Marysville Appeal-Democrat

Toronto police say 10 dead, 15 injured after van strikes pedestrian­s in Toronto

- The Washington Post

TORONTO, Ontario – A white rental van plowed through pedestrian­s on a sidewalk along a busy commercial street here Monday, killing 10, injuring 15 and leaving one of the world’s safest big cities with a path of carnage that spread for nearly a mile.

Though officials did not say whether the incident was terrorism-related, it marked the latest grim reminder of how a vehicle could be turned into a weapon – in this case, speeding through a crowd at lunch hour on a sunny day, sending people and mailboxes and baby strollers flying, in what eyewitness­es described as a deliberate act.

Toronto police chief Mark Saunders identified the man as Alek Minassian, a 25-year-old from Richmond Hill, Ontario. Saunders said Minassian was not known to police, and that he did not have a weapon. Police said they did not yet know of a motive. The driver was taken into custody after a showdown, captured on video, in which he told officers that he had a weapon and said, “Shoot me in the head.” He gestured at police with an object and then tossed it onto the ground.

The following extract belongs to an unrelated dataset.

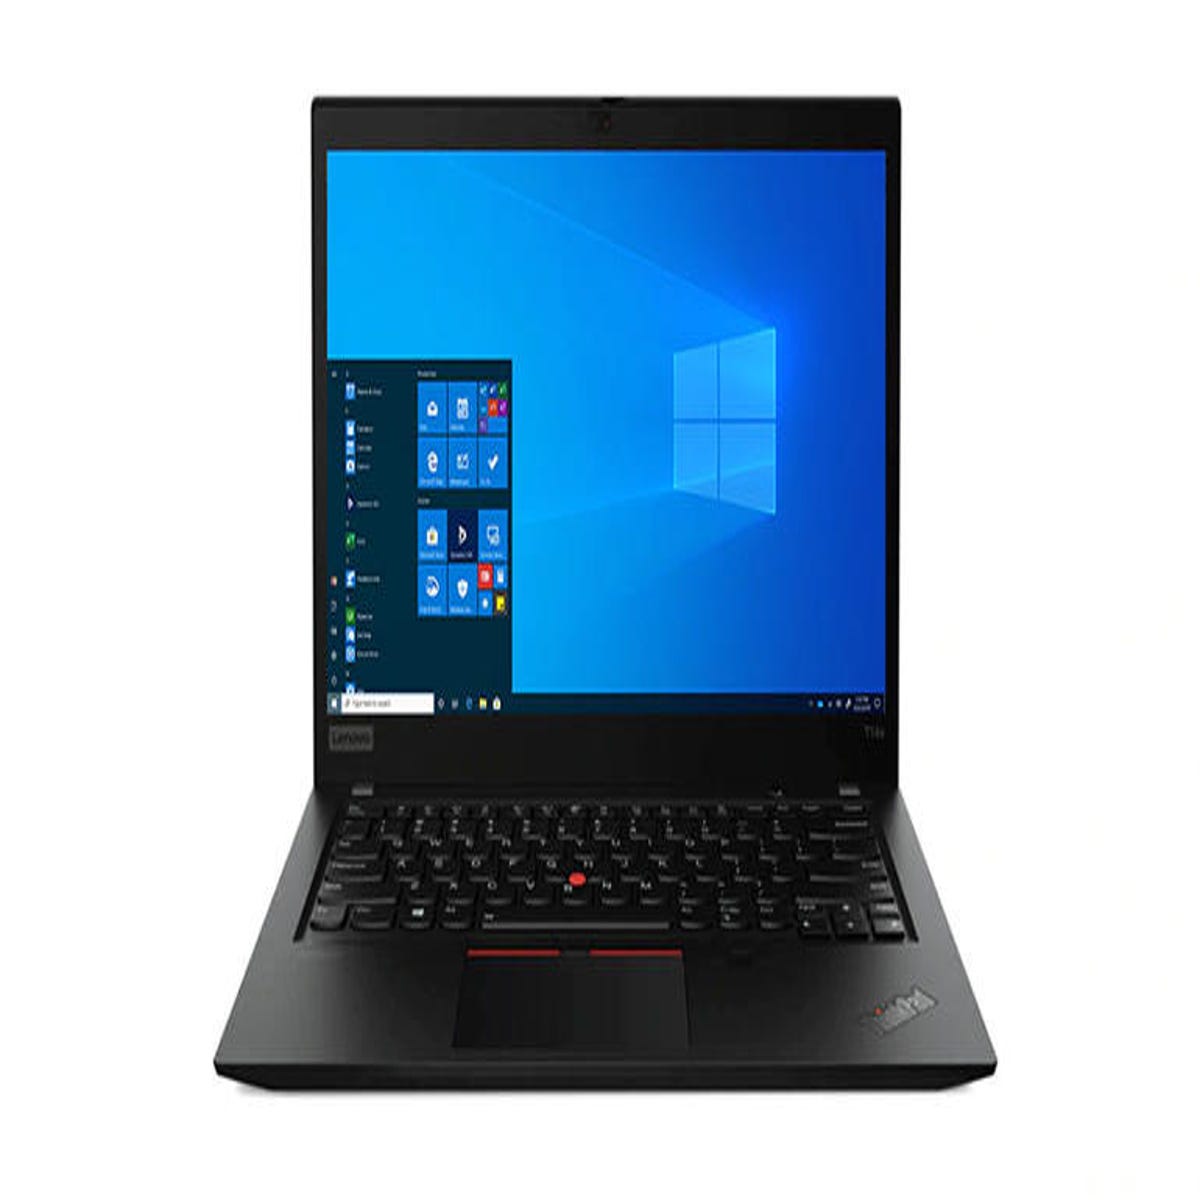 Lenovo thinkpad developer laptop refurbished switches
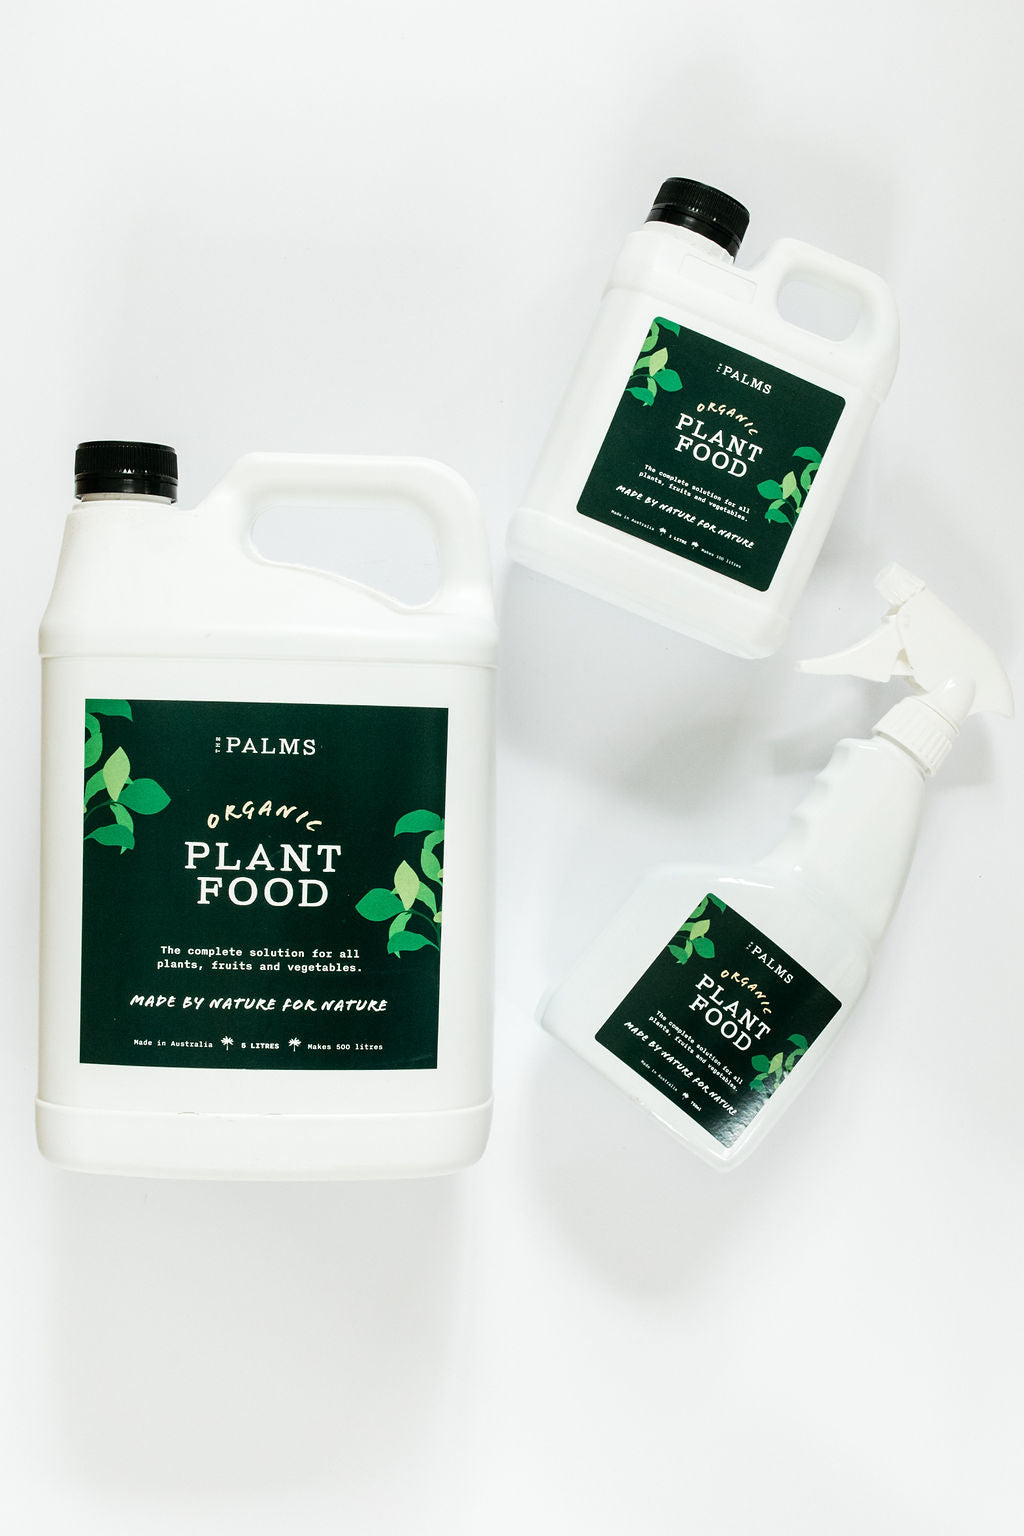 The Palms Organic Plant Food Spray

Canadian officials were cautious in the aftermath of the incident, saying that they would need a long investigat­ion into one of the country’s bloodiest mass killings. Canada’s public safety minister, Ralph Goodale, said he saw no reason to raise the national terror threat level. The incident had echoes of vehicle attacks in the French city of Nice, as well as in London and New York City – a method that the Islamic State militant group encouraged followers to use. But mentally ill people with no terrorism connection­s have also carried out such assaults.

“We lost a little bit of our innocence,” John Filion, a city councilor who represents the area where the incident occurred, said in a phone interview Monday. “We often think of ourselves as being somewhat excluded from the violence and craziness that goes on in other parts of the world.”

Peter Yuen, Toronto police services deputy chief, told reporters: “I can assure the public all our available resources have been brought in to investigat­e this tragic situation,” according to the Associated Press.

Save for a police helicopter circling overhead, the incident brought an eerie silence to one of the city’s busiest streets, which had been filled Monday afternoon with people enjoying one of the first warm and sunny days of the year after a long winter.

The attack took place in the center of North York, a part of Toronto that has grown over the past two decades into a secondary downtown.